# 120mm Radiator für 2 GPUs



## NerdFlanders (7. September 2016)

*120mm Radiator für 2 GPUs*

Meine Frage ist recht simpel: Wie kann das funktionieren? Dass es das recht gut macht beweisen ja die 295x2 und ProDuo...


----------



## bschicht86 (7. September 2016)

*AW: 120mm Radiator für 2 GPUs*

Kommt wohl eher auf den Radi-Aufbau an. Wenn er genügend Dicke hat, verhält er sich fast wie ein halb so dünner 240er. 

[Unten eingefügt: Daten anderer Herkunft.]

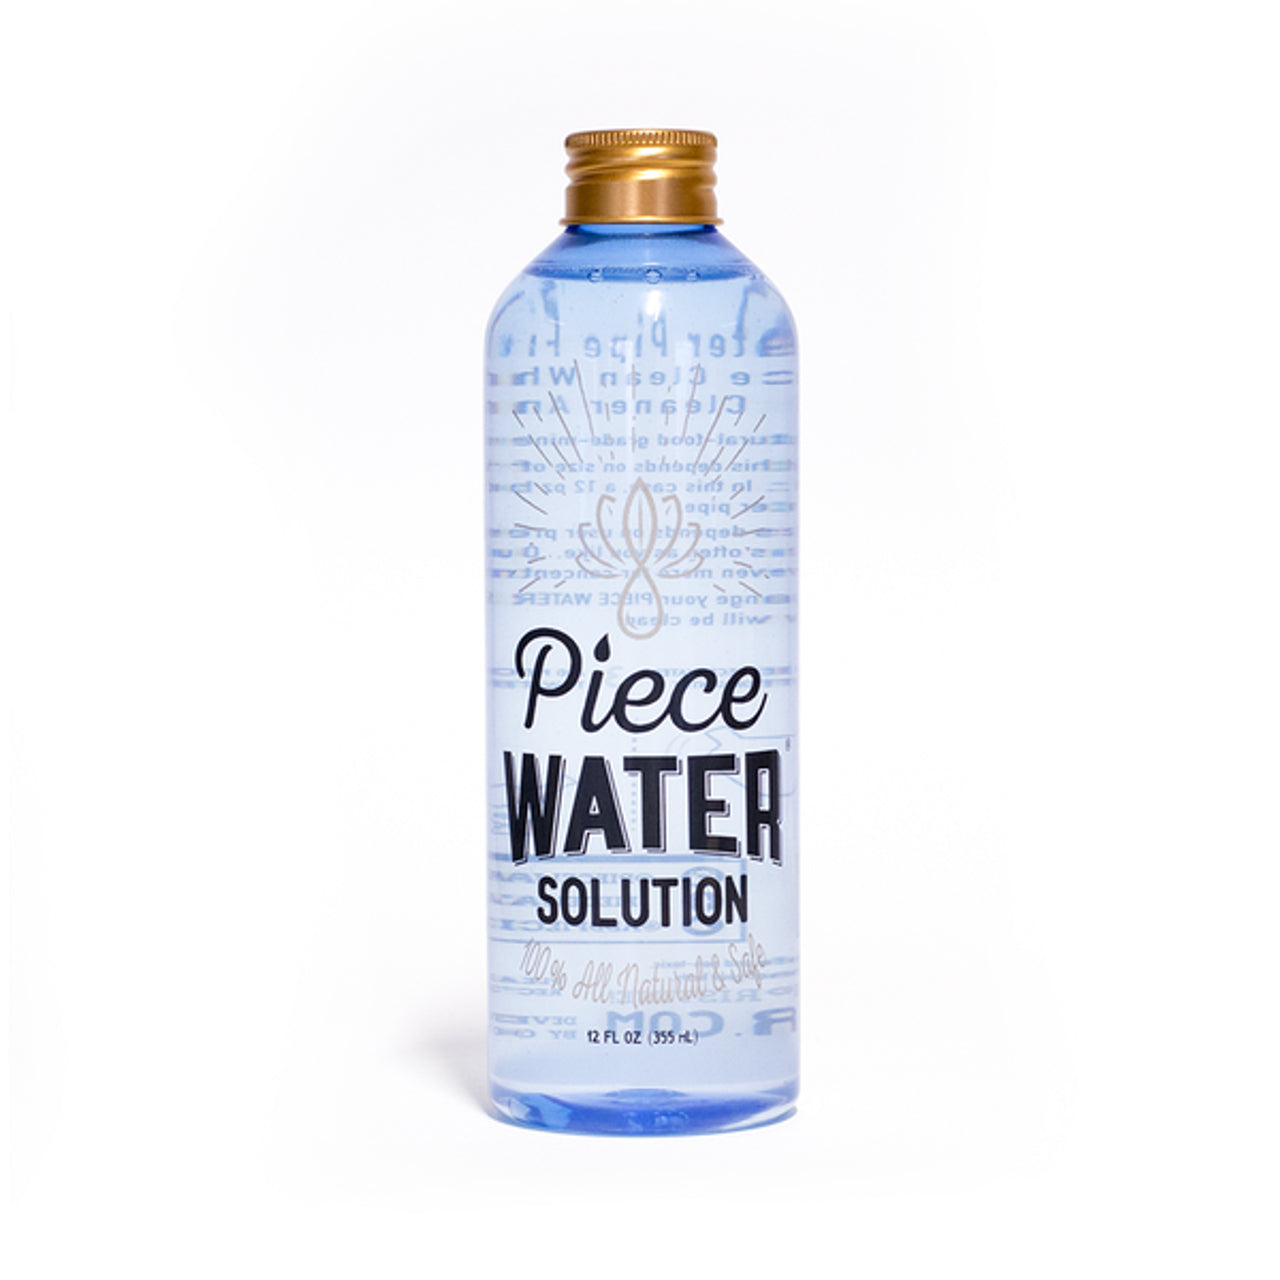 Buy Piece Water Pipe Cleaning Solution - Wick and Wire Co Melbourne Vape Shop, Victoria Australia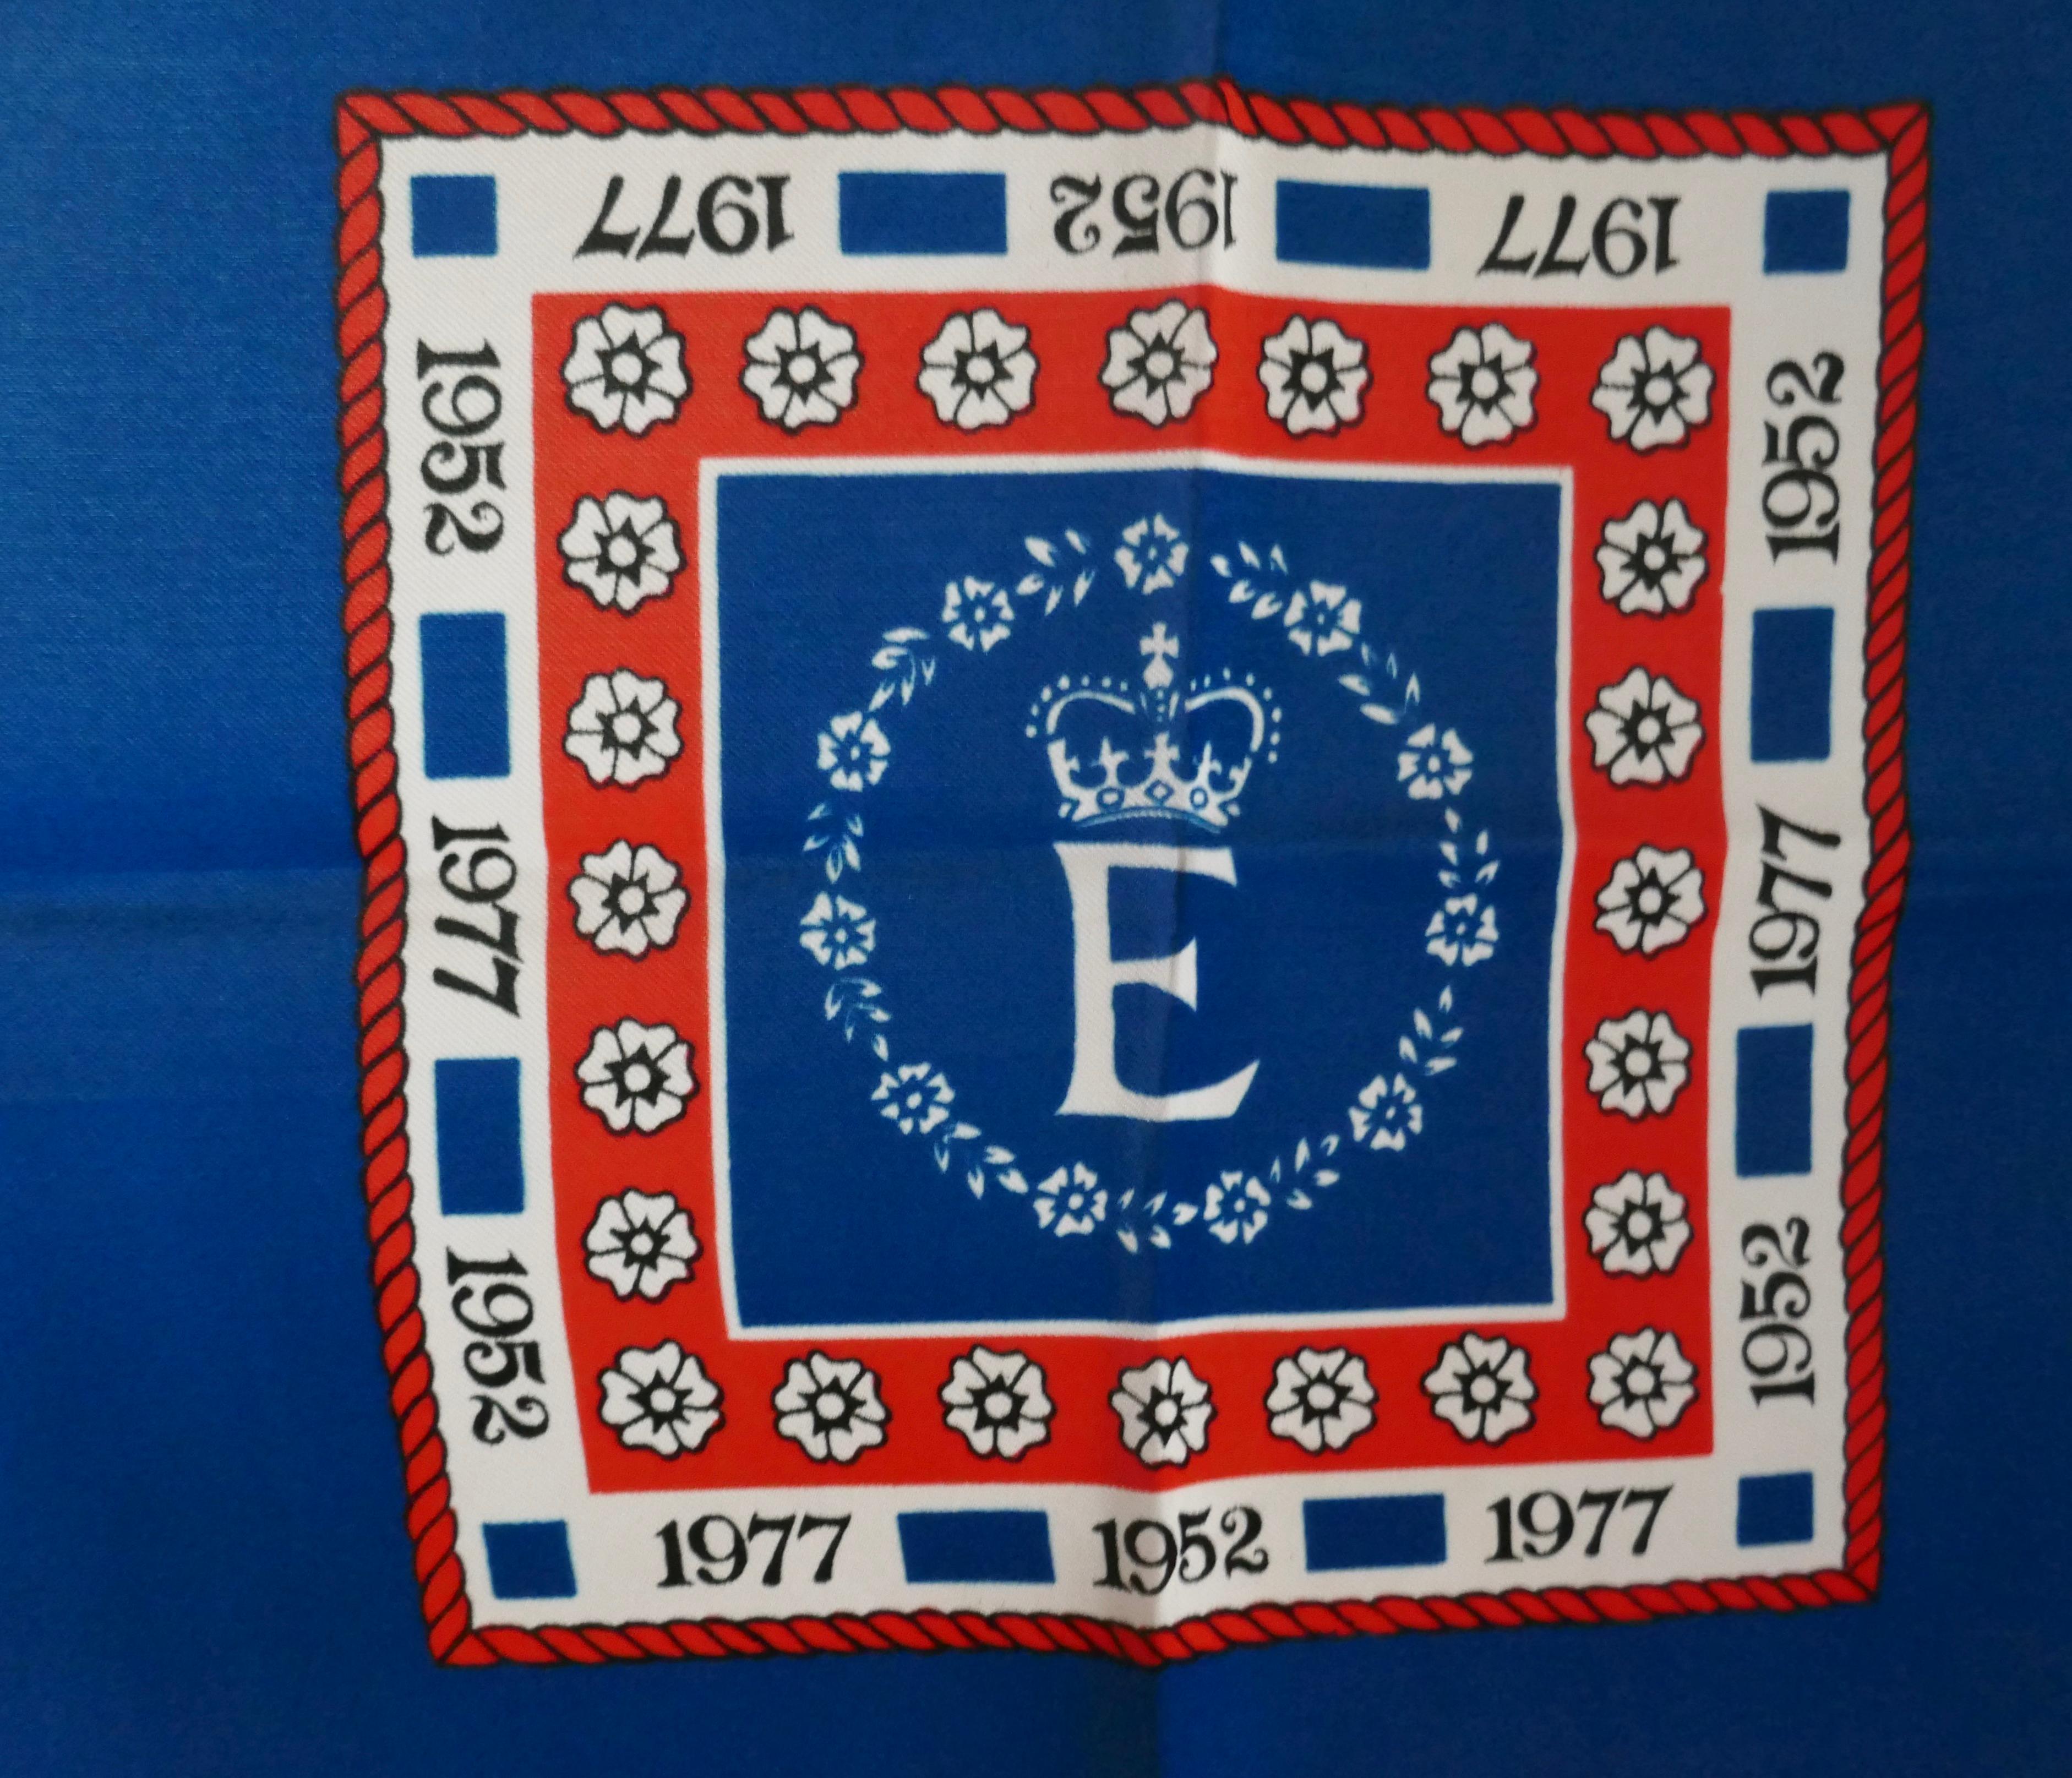 Queen Elizabeth the II Silver Jubilee Commemorative  Scarf  


Lovely scarf in good condition, un worn
Theme: Commemorative 
Colour: Red White and Blue
Designer: 

 
Material: polyester
 
Size: 26”x 26” (measurements are approximate)
This is a

Verdoppelst du dann noch die Anzahl der Lamellen und baust einen Lüfter drauf, der ordentlich Luftdruck erzeugt und so eine ordentliche Luftmenge durchschiebt, hast du schon fast die Leistung eines 480er.


----------



## NerdFlanders (7. September 2016)

*AW: 120mm Radiator für 2 GPUs*

Danke für deine aufschlussreiche Antwort 

Folgefrage: auf Geizhals gibt es keine Angabe zur Dicke der Radiatoren, vom Lamellen Aufbau ganz zu schweigen. Welche KoWaKü wäre mit der der Radeons zu vergleichen?


----------



## Abductee (7. September 2016)

*AW: 120mm Radiator für 2 GPUs*



NerdFlanders schrieb:


> Folgefrage: auf Geizhals gibt es keine Angabe zur Dicke der Radiatoren, vom Lamellen Aufbau ganz zu schweigen. Welche KoWaKü wäre mit der der Radeons zu vergleichen?



Doch, das ist die "Höhe"

Die meisten KoWaKü`s haben einen billigen Alu-Radiator, der bei der 295x hat 38mm.

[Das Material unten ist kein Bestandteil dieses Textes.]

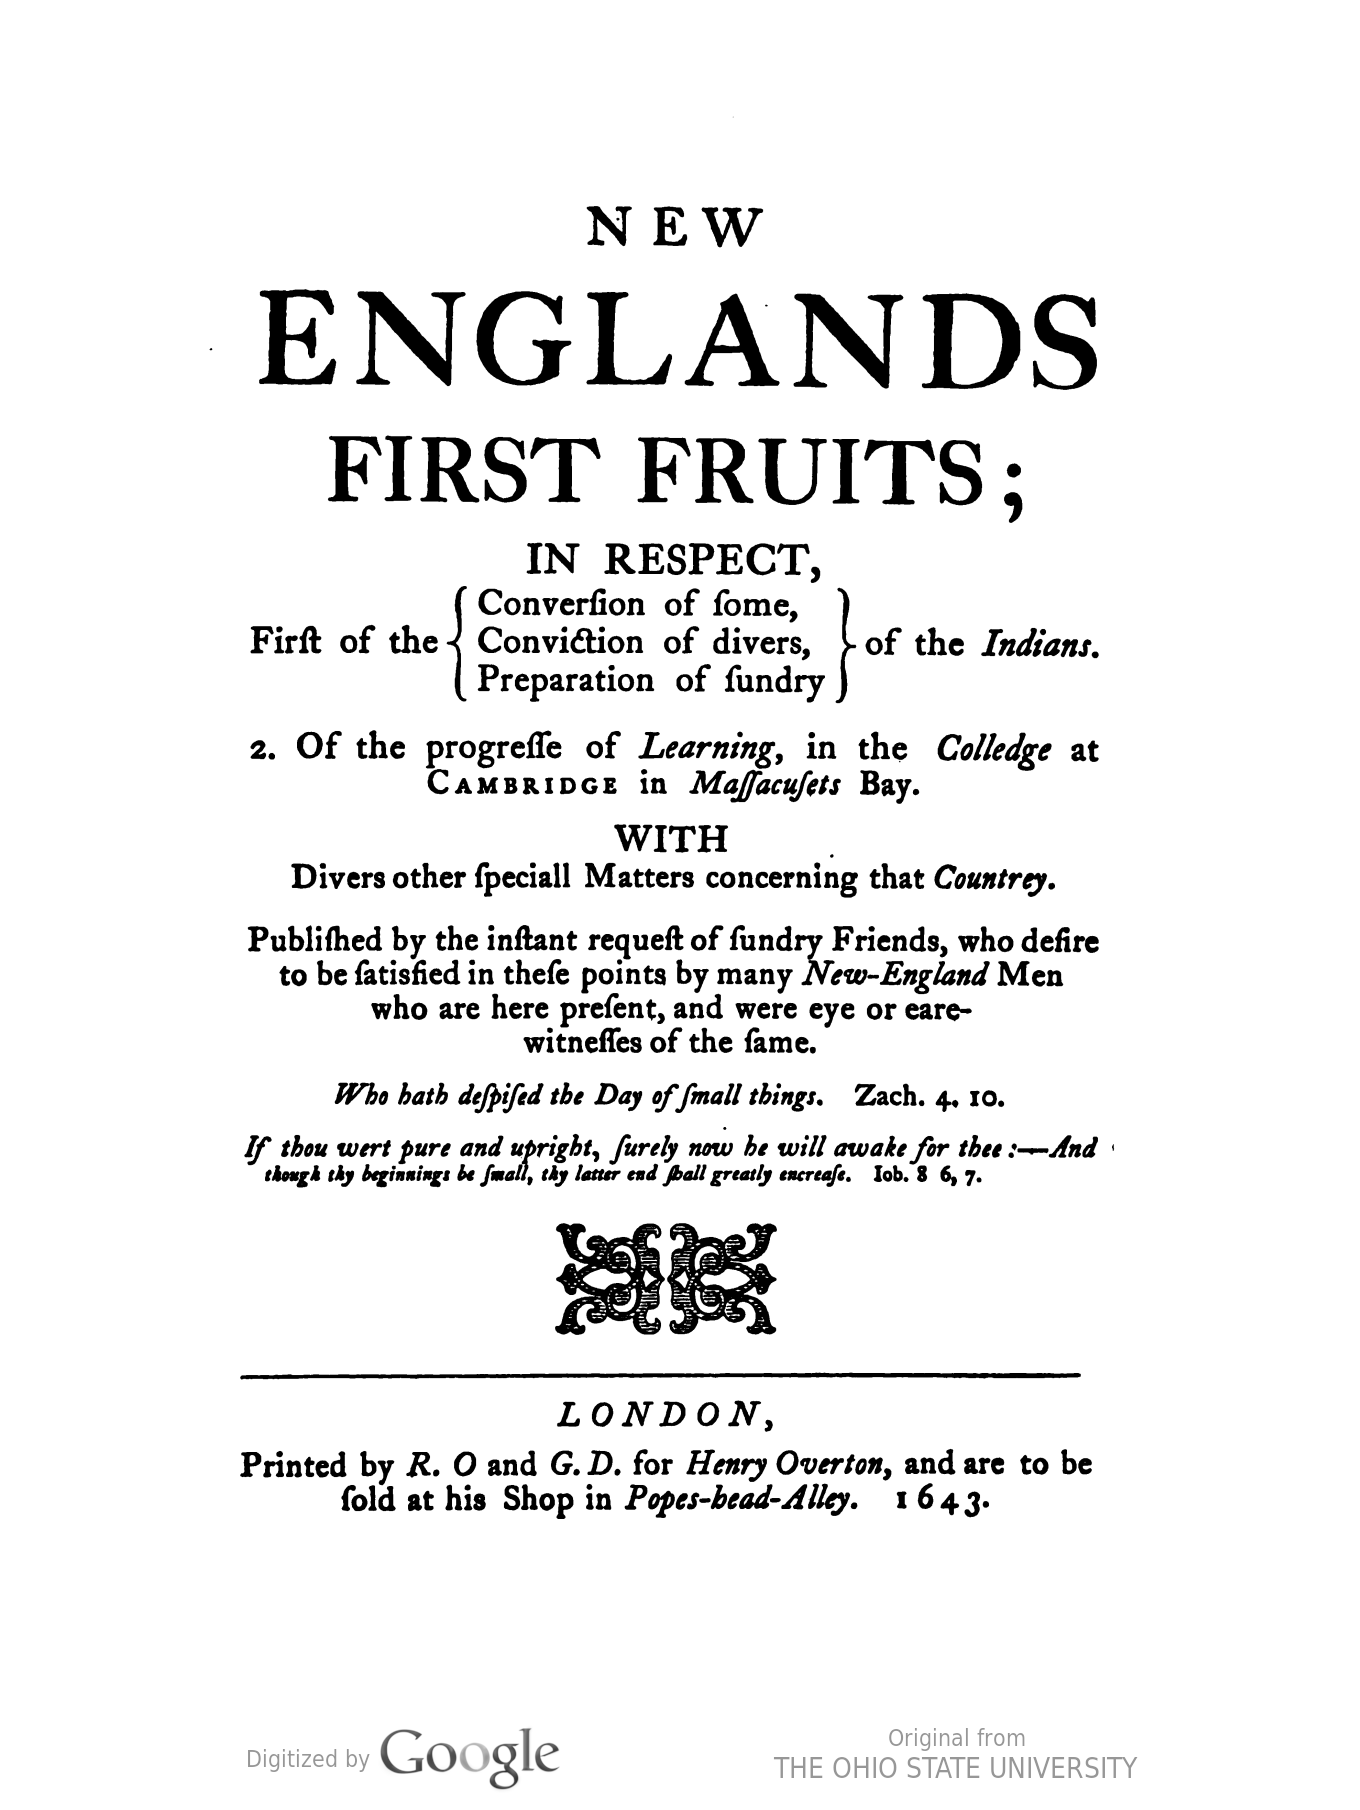 New England’s First Fruits, Book

Radiatoren mit Lüfterplätze: 1x 120mm, Höhe ab 40mm Preisvergleich | Geizhals Österreich


----------



## NerdFlanders (7. September 2016)

*AW: 120mm Radiator für 2 GPUs*

Funfact: Den Filter gibt es nur bei Raditoren für erweiterbare Wasserkühlungen^^

Folge-Folgefrage: Der Radiator der NZXT X41 ist 36 mm dick (und 140mm statt 120mm) also sollte der im Zusammenspiel mit der G10 Halterung auch übertaktete Highend Karten gut kühlen können? Ich hab einen X41 für meinen 4770K, aber der hat auch 100-150W weniger Abwärme als eine übertaktete GraKa und wird beim zocken auch schon 60° warm...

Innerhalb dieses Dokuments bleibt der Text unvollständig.